Re: Using quicksort for every external sort run

From: Peter Geoghegan <pg(at)heroku(dot)com>
To: Robert Haas <robertmhaas(at)gmail(dot)com>
Cc: Greg Stark <stark(at)mit(dot)edu>, Simon Riggs <simon(at)2ndquadrant(dot)com>, Jeff Janes <jeff(dot)janes(at)gmail(dot)com>, Pg Hackers <pgsql-hackers(at)postgresql(dot)org>, Heikki Linnakangas <hlinnaka(at)iki(dot)fi>, David Rowley <david(dot)rowley(at)2ndquadrant(dot)com>
Subject: Re: Using quicksort for every external sort run
Date: 2016-03-17 01:42:34
Message-ID: CAM3SWZQU5mrWof+O6zR4qPjVtcNUVMs8HPJjpO5NP2BDdNHjvQ@mail.gmail.com
Views: Raw Message | Whole Thread | Download mbox | Resend email
Thread:
Lists: pgsql-hackers

On Wed, Mar 16, 2016 at 3:31 PM, Robert Haas <robertmhaas(at)gmail(dot)com> wrote:
> I spent some time looking at this part of the patch yesterday and
> today.

Thanks for getting back to it.

> - I think that batchmemtuples() is somewhat weird. Normally,
> grow_memtuples() doubles the size of the array each time it's called.
> So if you somehow called this function when you still had lots of
> memory available, it would just double the size of the array.
> However, I think the expectation is that it's only going to be called
> when availMem is less than half of allowedMem, in which case we're
> going to get the special "last increment of memtupsize" behavior,
> where we expand the memtuples array by some multiple between 1.0 and
> 2.0 based on allowedMem/memNowUsed.

That's right. It might be possible for the simple doubling behavior to
happen under artificial conditions instead, for example when we have
enormous individual tuples, but if that does happen it's still
correct. I just didn't think it was worth worrying about giving back
more memory in such extreme edge-cases.

> And after staring at this for a
> long time ... yeah, I think this does the right thing. But it
> certainly is hairy.

No arguments from me here. I think this is justified, though.

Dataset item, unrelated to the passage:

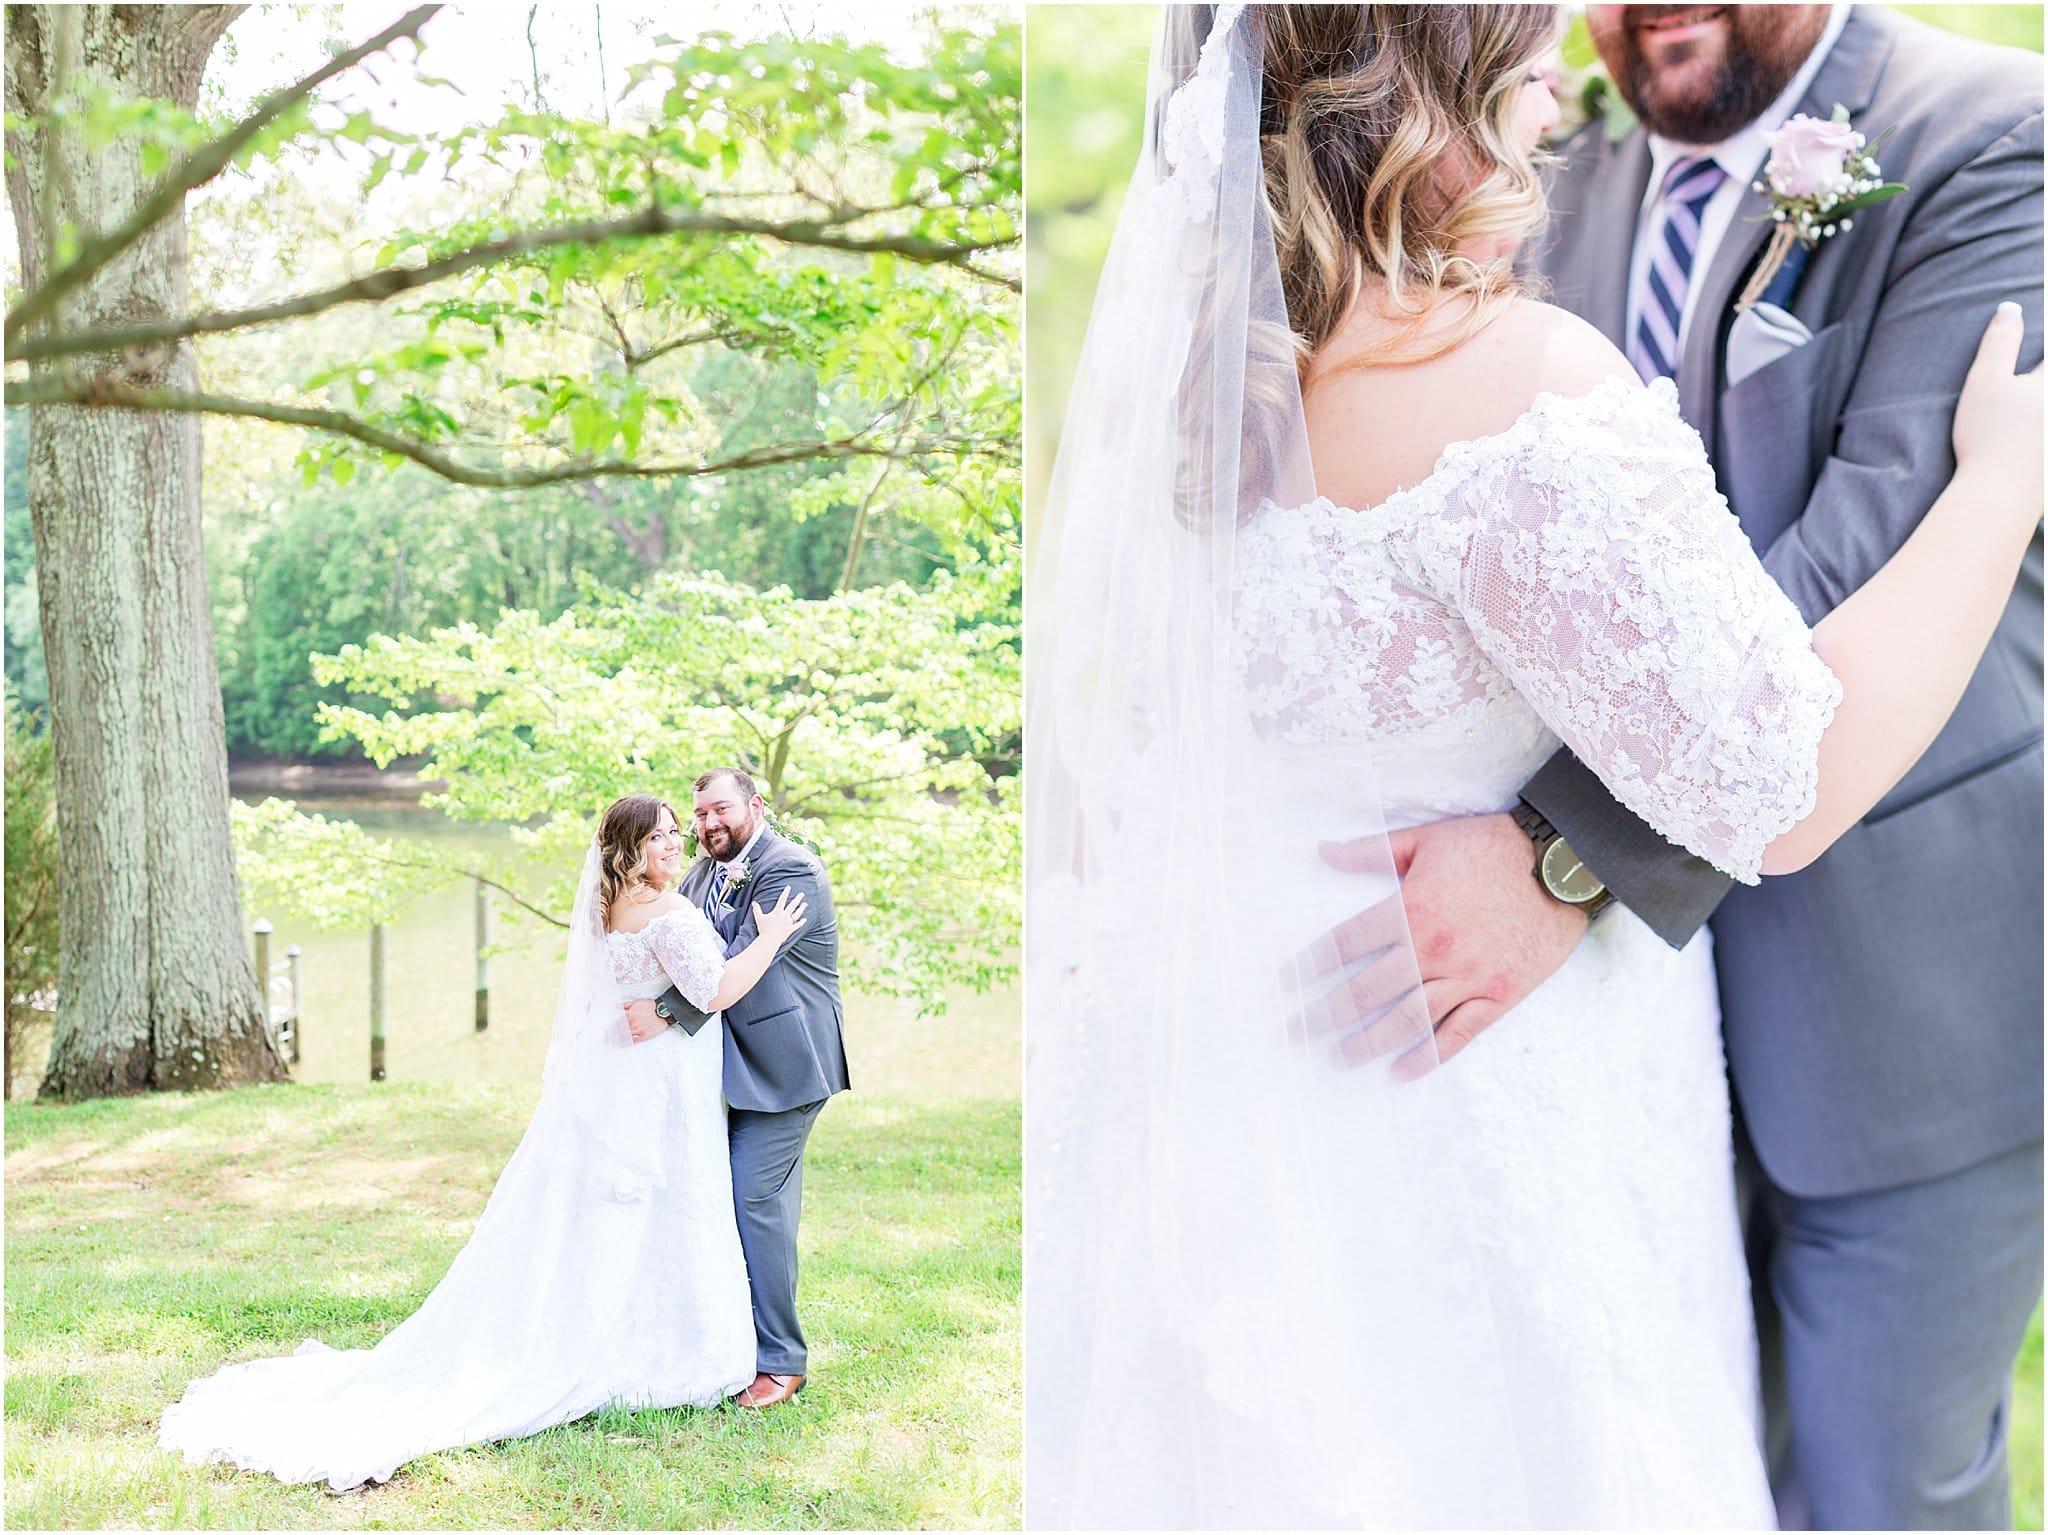 cole-wye-island-wedding-cassidymrphotography_0059

It's great that palloc() provides a simple, robust abstraction.
However, there are a small number of modules in the code, including
tuplesort.c, where we need to be very careful about memory management.
Probably no more than 5 and no less than 3. In these places, large
memory allocations are the norm. We ought to pay close attention to
memory locality, heap fragmentation, that memory is well balanced
among competing considerations, etc. It's entirely appropriate that
we'd go to significant lengths to get it right in these places using
somewhat ad-hoc techniques, simply because these are the places where
we'll get a commensurate benefit. Some people might call this adding
custom memory allocators, but I find that to be a loaded term because
it suggests intimate involvement from mcxt.c.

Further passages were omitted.